Après son arrivée à Levallois dans les Hauts-de-Seine, le suspect, un lycéen turc d'origine kurde qui n'était pas dans les radars des services de renseignement, devait être présenté à un juge d'instruction antiterroriste, pour une possible mise en examen.

>> À relire sur France 24 : Agression antisémite à Marseille, le parquet antiterroriste saisi

Lors de ses auditions, l'adolescent a "revendiqué son geste et exprimé une certaine fierté", affirmant "qu'il avait agi seul", a précisé une source proche de l'enquête.

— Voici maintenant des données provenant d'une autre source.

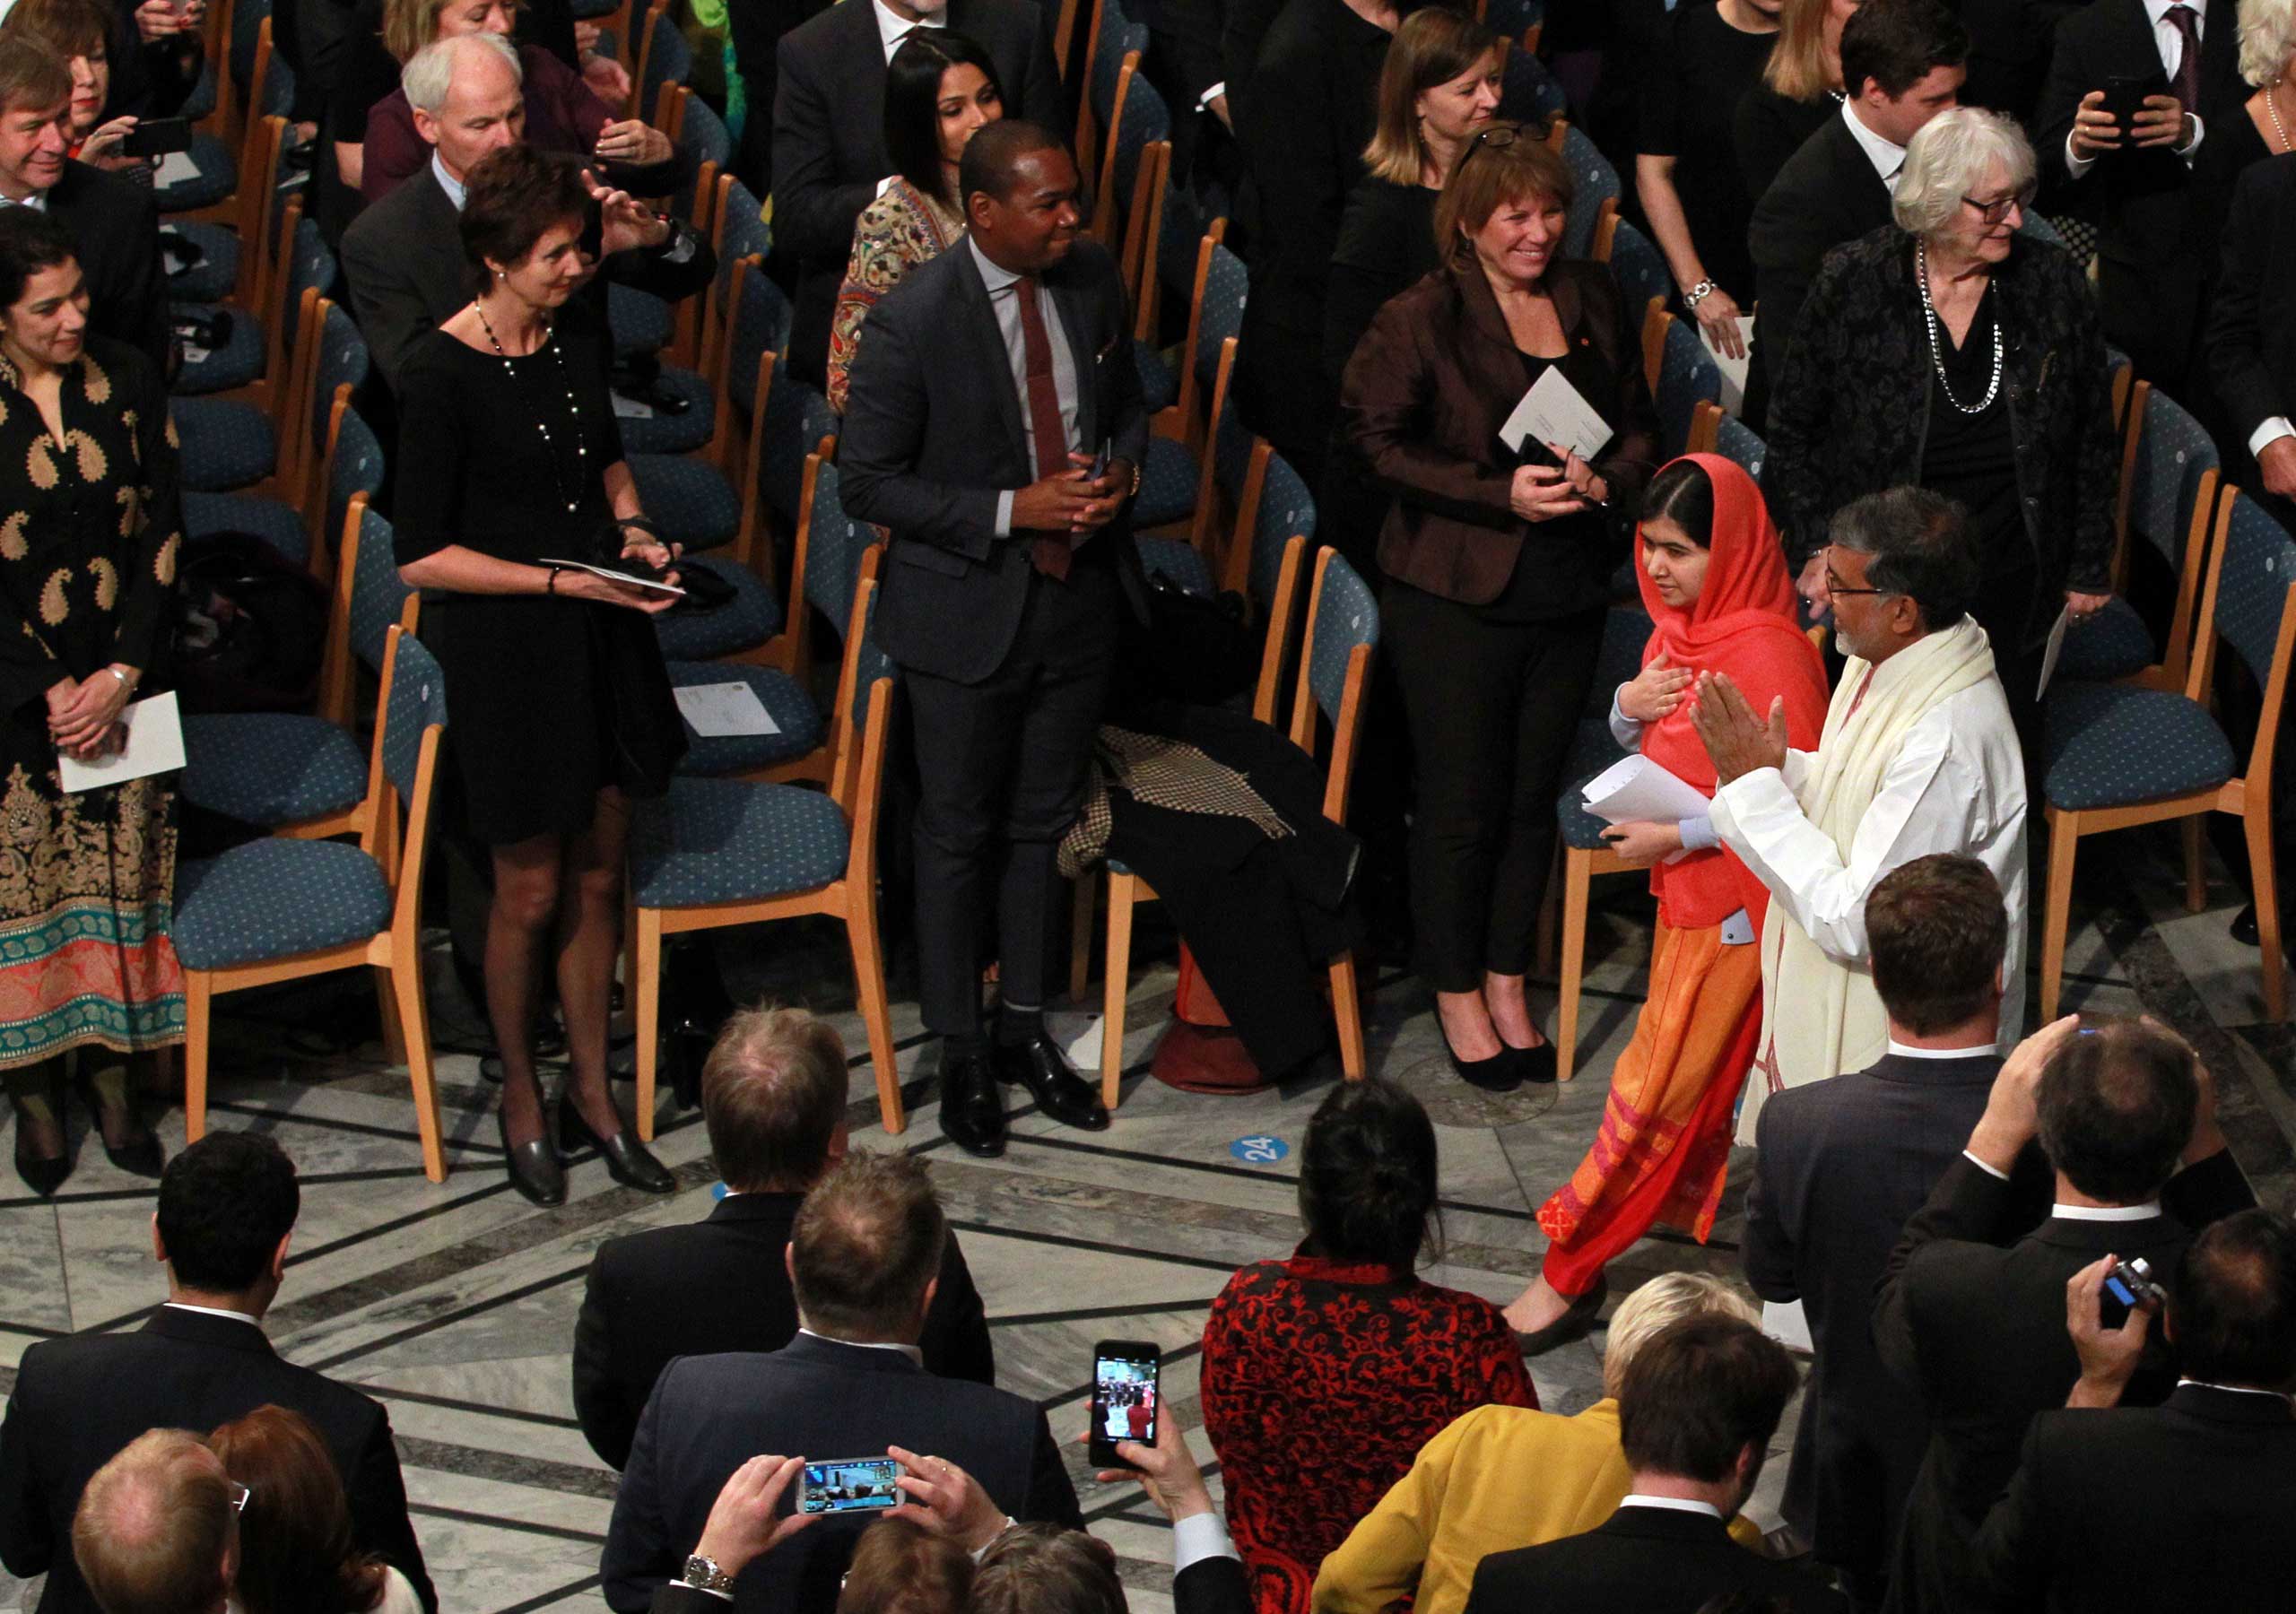 Dec. 10, 2014. Nobel Peace Prize laureates Malala Yousafzai, second right, and Kailash Satyarthi, right, arrive for the Nobel Peace Prize awards ceremony at the City Hall in Oslo. 17-year-old Malala shares the 2014 peace prize with the Indian campaigner Satyarthi, 60, who has fought for 35 years to free thousands of children from virtual slave labour.

L'enquête se poursuit pour "tentative d'assassinat aggravé en raison d'une appartenance religieuse en lien avec une entreprise terroriste". Dès son arrestation, l'adolescent avait précisé aux policiers avoir agi "au nom d'Allah" et du groupe État islamique. En raison de son âge, 15 ans pour quelques jours encore, sa garde à vue ne peut excéder 48 heures.

Sans antécédents judiciaires ni psychiatriques, il est issu d'un milieu "classique et normal", a de bonnes notes au lycée et se serait radicalisé "via internet", selon le parquet marseillais.